[Raw data]
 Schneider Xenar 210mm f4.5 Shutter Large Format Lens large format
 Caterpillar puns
==
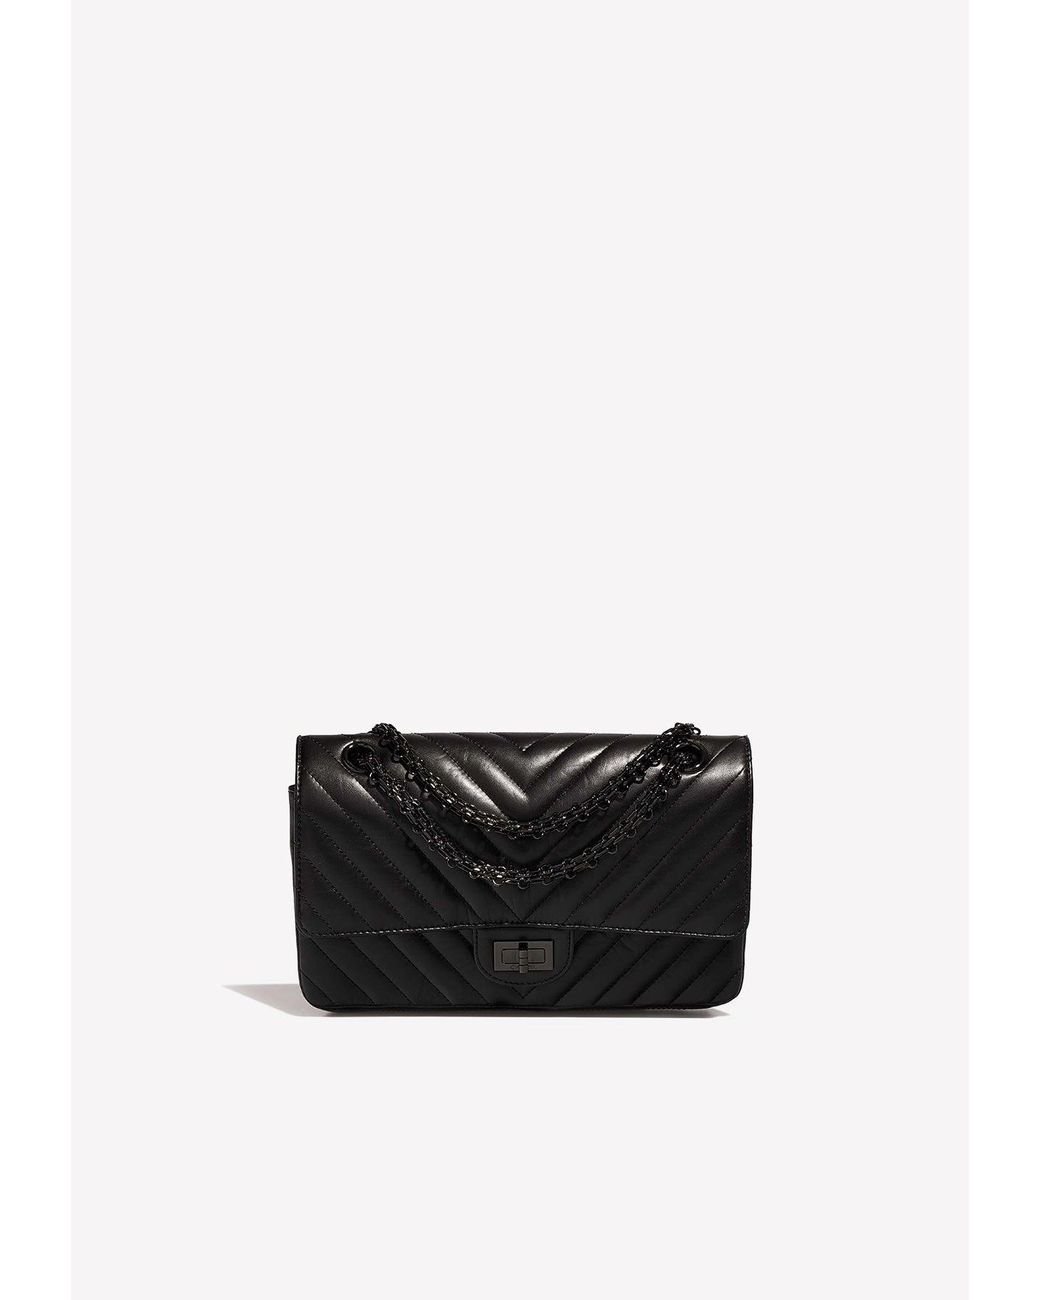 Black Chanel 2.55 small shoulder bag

[Exercise details]
Take the line above containing "Schneider Xenar 210mm", the line containing "Caterpillar puns", and all lines in between, and copy them exactly without anything else.

[Reply to the exercise]
 Schneider Xenar 210mm f4.5 Shutter Large Format Lens large format
 Caterpillar puns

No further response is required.